How do I have to configure the TP-Link that it can understand the traffic from the Lancom and that I can configure 2 different wifis on it?
The way VLANs are set up on a C6 depends on which version you have. The V2 is Atheros based and still swconfig while the V3 has entirely different chips inside-- MediaTek MT7621 which uses a DSA kernel. It is possible to do what you want with either one but if you want specific advice we need to know which one you have.
https://openwrt.org/playground/arinc9/networking-basics
Basically you need to create the new vlans on the switch page of Luci, then add the desired uplink and downlink ports as tagged for these vlans. Add new unmanaged interfaces for vlans 100 and 200. For vlan 1 use static or dhcp. This will be used for management of the device, therefore it needs an IP.
Assign the private and guest SSIDs to the unmanaged interfaces.
Since the whole point here is to bridge from wired to wireless, you will need to create bridge devices for the 100 and 200 vlans. Name them something like br-vlan100 and make it the device of the vlan100 network interfaces. This is the same as the existing br-lan bridge except the proto of the new interfaces is unmanaged. (the interface part doesn't actually do anything, but it must exist for the bridge to be instantiated.)

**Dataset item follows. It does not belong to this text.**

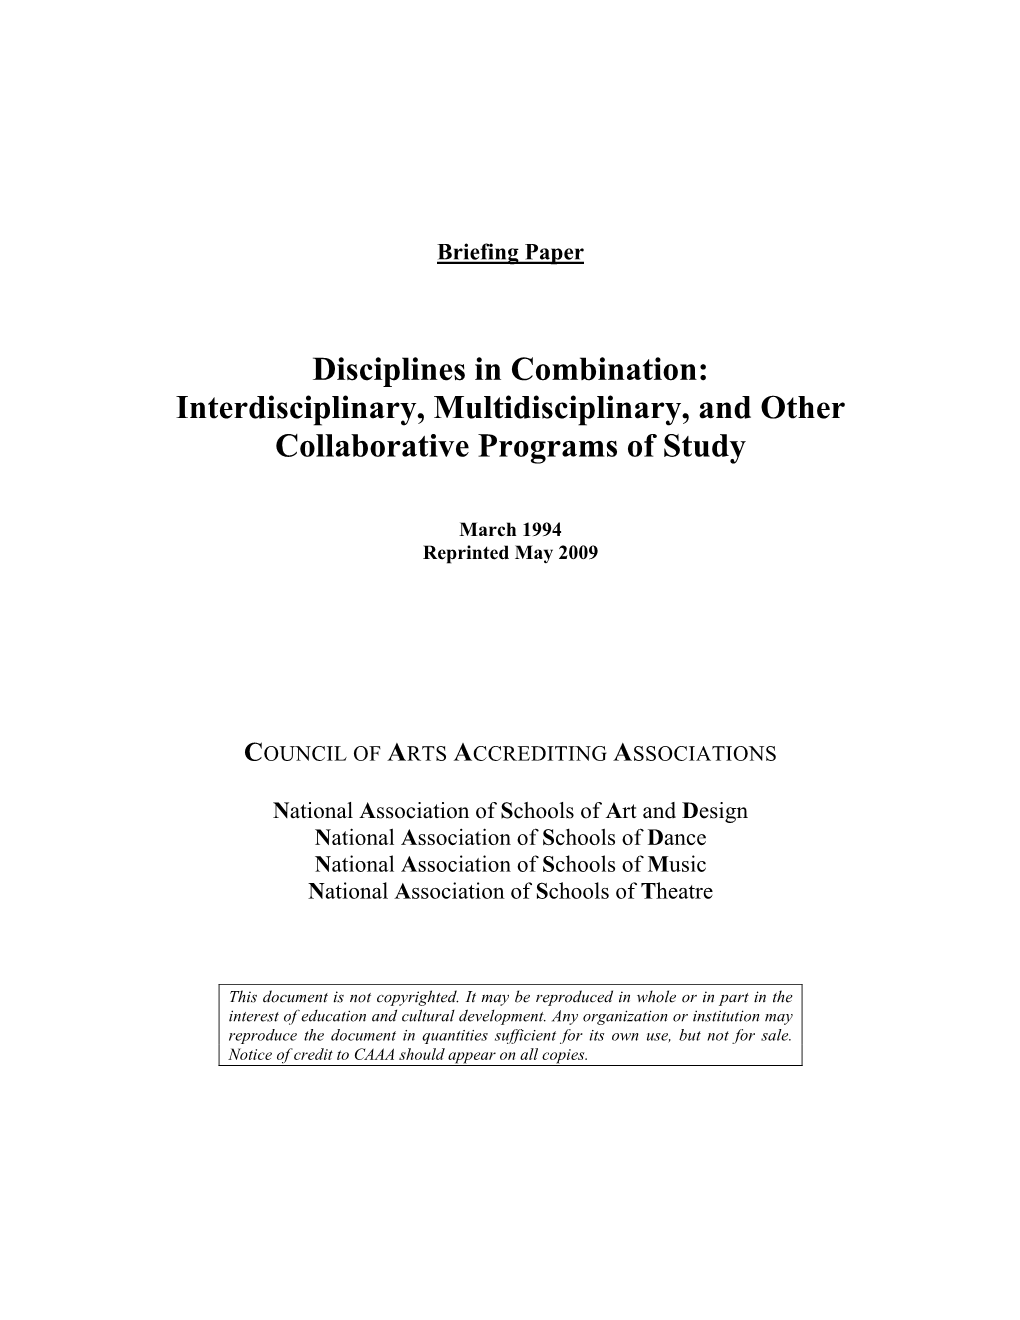 Disciplines in Combination: Interdisciplinary, Multidisciplinary, and Other Collaborative Programs of Study

Before you go much further you should create a temporary "admin" network so you can log in to the router directly by wifi no matter what you do to the Ethernet. This network should have:
A /24 private IPv4 outside the range of any of your other networks (192.168.Y.1/24, where Y doesn't match any of your other networks)
a DHCP server
lan firewall zone
a separate wifi AP with encryption
Connect your PC to this AP and log in at 192.168.Y.1, and use this connection from now on until you have lan working again.
The "trunk" cable to your main router will carry the several networks on one physical link, which are split back out into separate logical networks by checking their VLAN tags. Thus in the switch you need to set all the VLANs of interest to be tagged on this cable, and the device on the other end also needs to be set to use tagged traffic with the same numbers.
The administrative (lan) network, VLAN 1, should also be tagged at both ends, and this is why I suggested setting up a separate way to log into the OpenWrt router in case this link ends up broken.
But it still does not work. When I try to connect via wifi with the 100.. I can see that a signal is establashing on the wireless site. But I get an alert that no IP is received.
Do I have to make settings in the "Bridge VLAN filtering" segment?
No you don't need to do bridge VLAN filtering (VLANs within a bridge), because each VLAN is a separate bridge. Inside the bridge, the packets are untagged. They get tagged at the boundary to Ethernet because of the notation eth0.100.
In your wifi config the network should be vlan100 etc. Then when you look at the bridge status you should see two ports, eth0.100 and a wlan.
DHCP addresses are going to be assigned by the main router, not OpenWrt. The trunk link and the main router itself must be properly configured. I would suggest opening an Ethernet port on the main router as untagged on the guest network then connect a laptop to that port and confirm it gets an IP address and has Internet access.
There is one thing I can not use so far. But this is a setting on the Lancom Router.
Have u heard of a so called Interface Tag additionally to the VLAN ID? I can set it up in the Lancom Router. The Interface Tag on all interfaces means that I can see all other networks from all networks.